**Dataset section:**
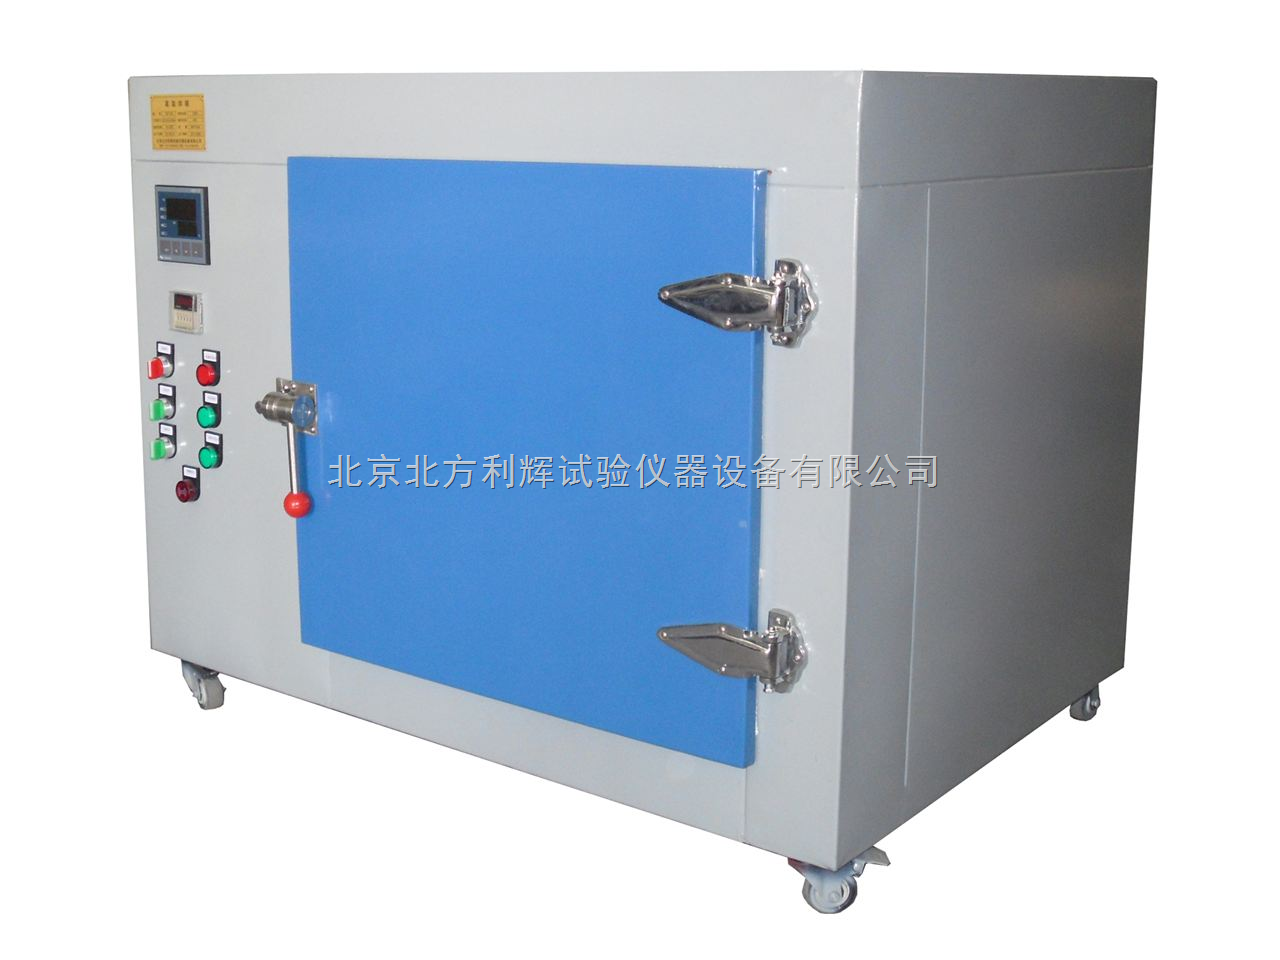 GWH-506 500度高温试验箱+北京
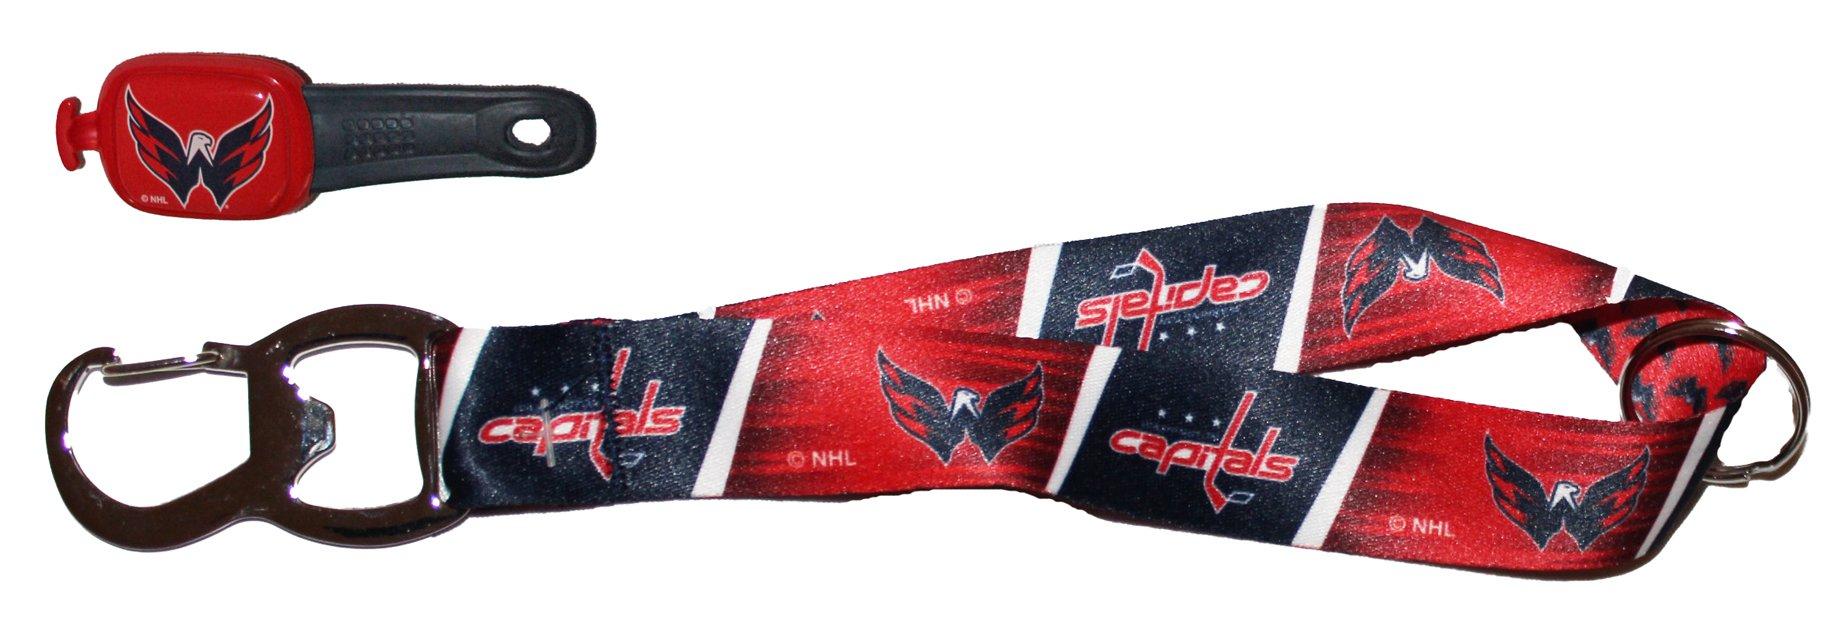 WinCraft Bundle 2 Items: NHL Washington Capitals 1 Bottle Opener Key Strap and 1 Stwrap Bag Id Tag
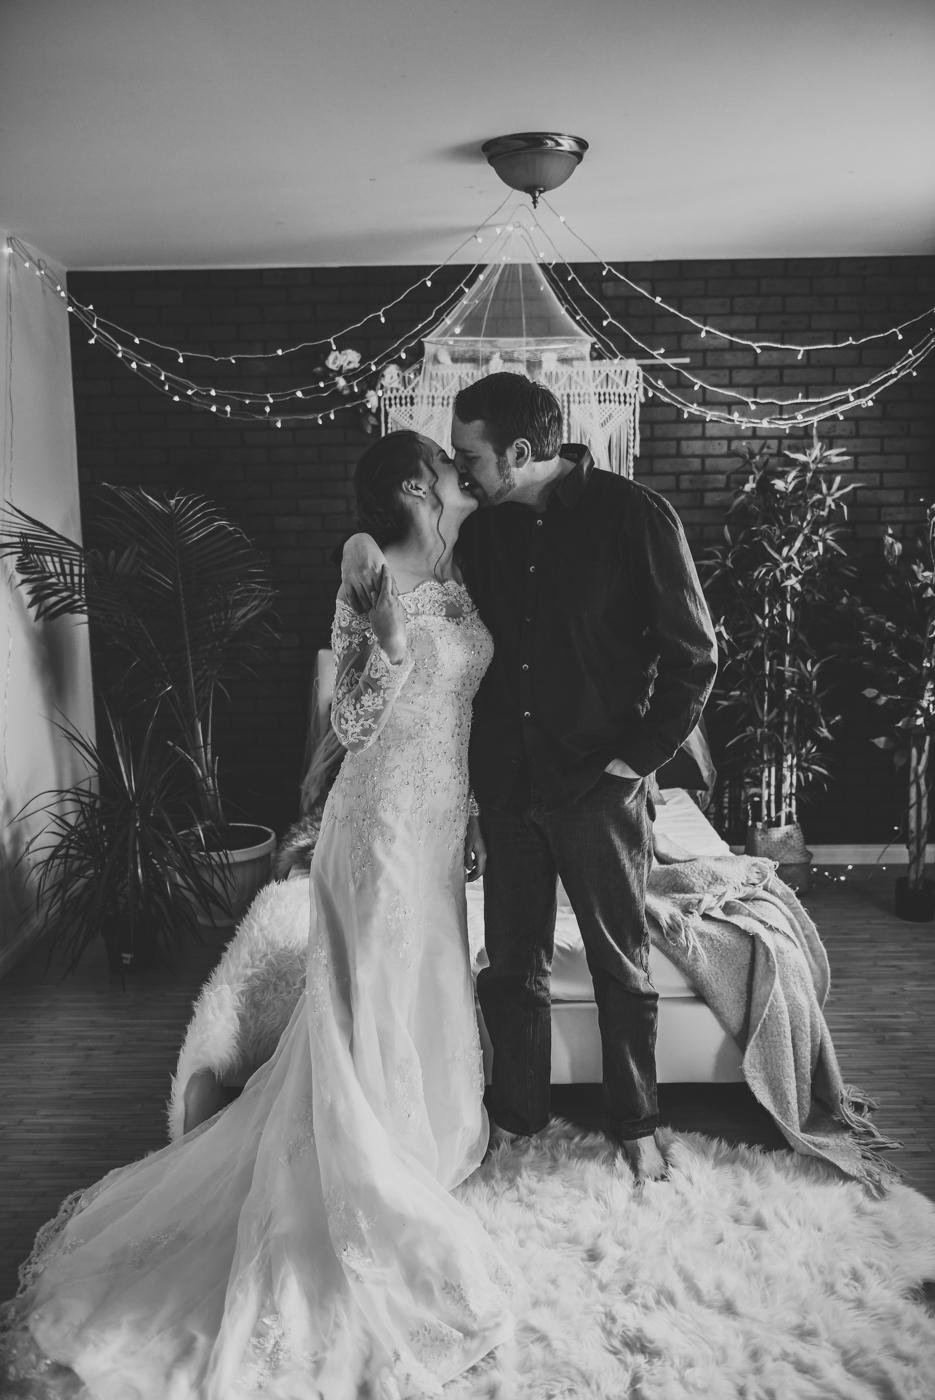 FortSt.John_photographer_TyraEPhotography_Wedding_Couple_Family_Photograhy_DawsonCreek_Elopement_Bride_Boduoir_Portraits-9.jpg
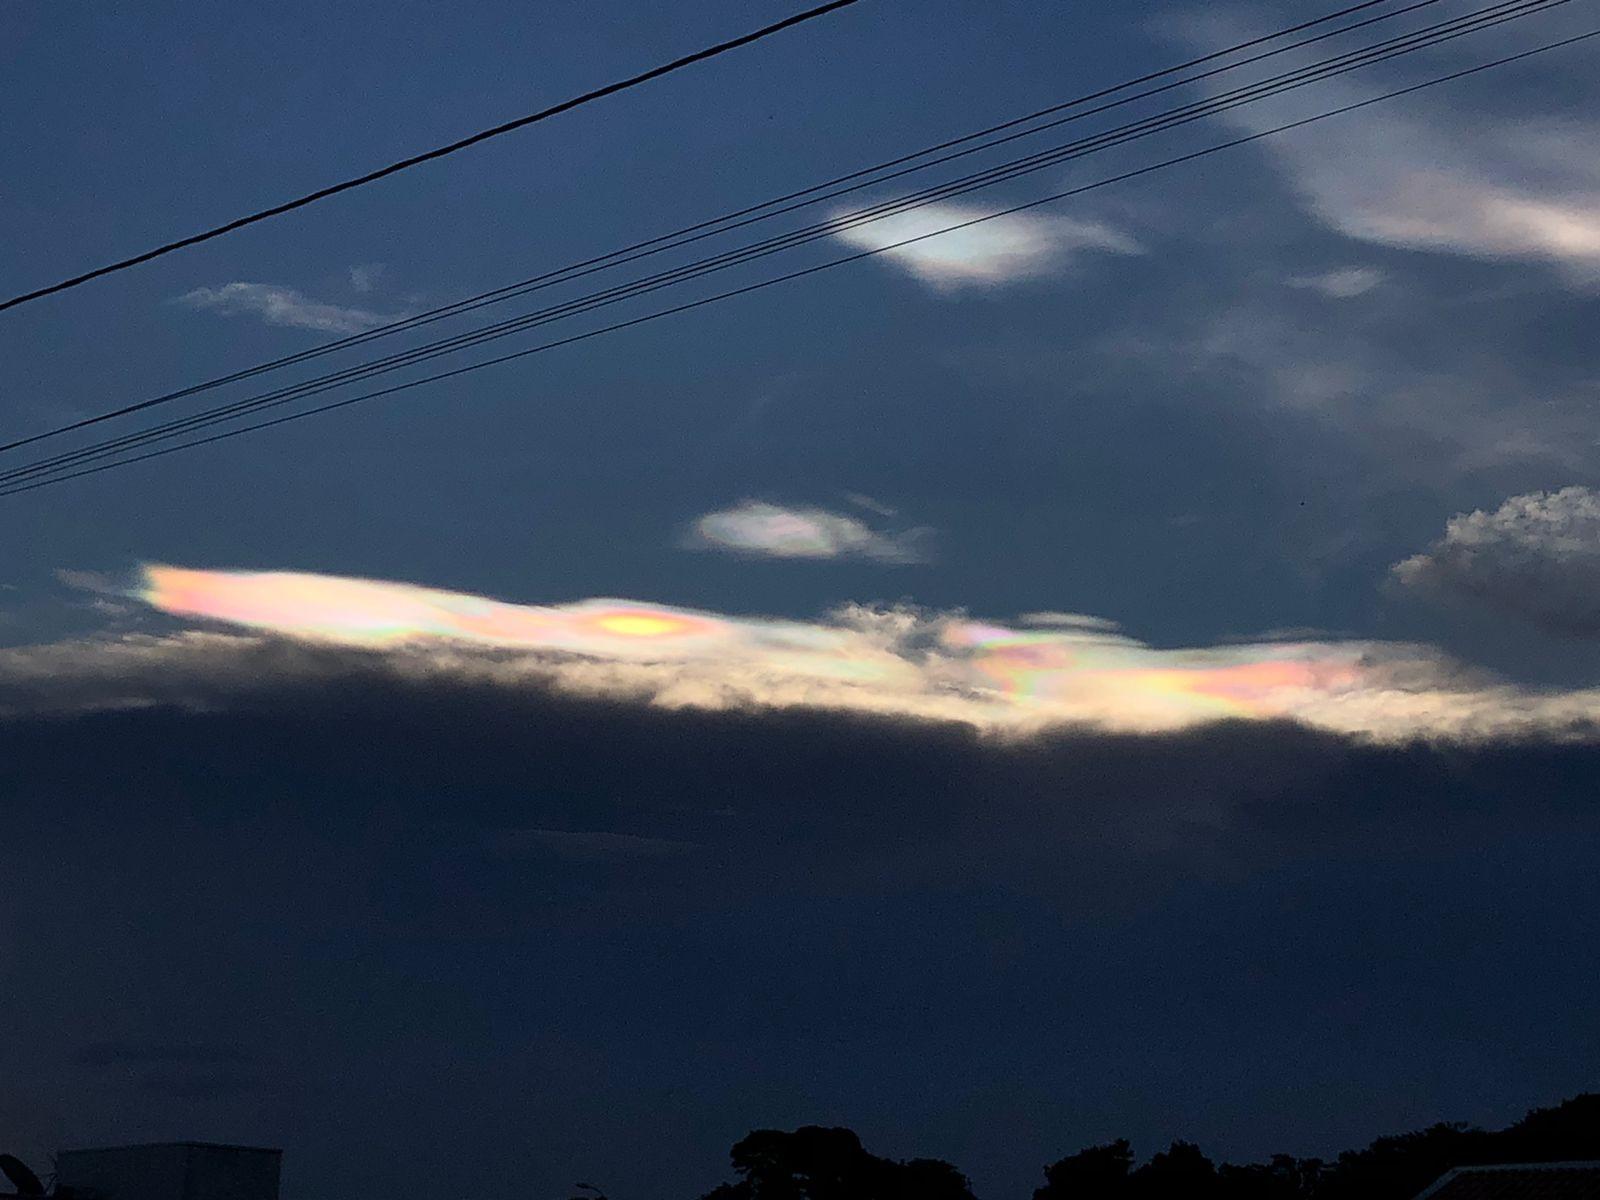 Fenômeno que deixa nuvens coloridas é registrado por moradores de Vilhena, RO

**Work order:**
Without including any picture, output all the material exactly as it appears.

**Response for this exercise:**
 GWH-506 500度高温试验箱+北京
 WinCraft Bundle 2 Items: NHL Washington Capitals 1 Bottle Opener Key Strap and 1 Stwrap Bag Id Tag
 FortSt.John_photographer_TyraEPhotography_Wedding_Couple_Family_Photograhy_DawsonCreek_Elopement_Bride_Boduoir_Portraits-9.jpg
 Fenômeno que deixa nuvens coloridas é registrado por moradores de Vilhena, RO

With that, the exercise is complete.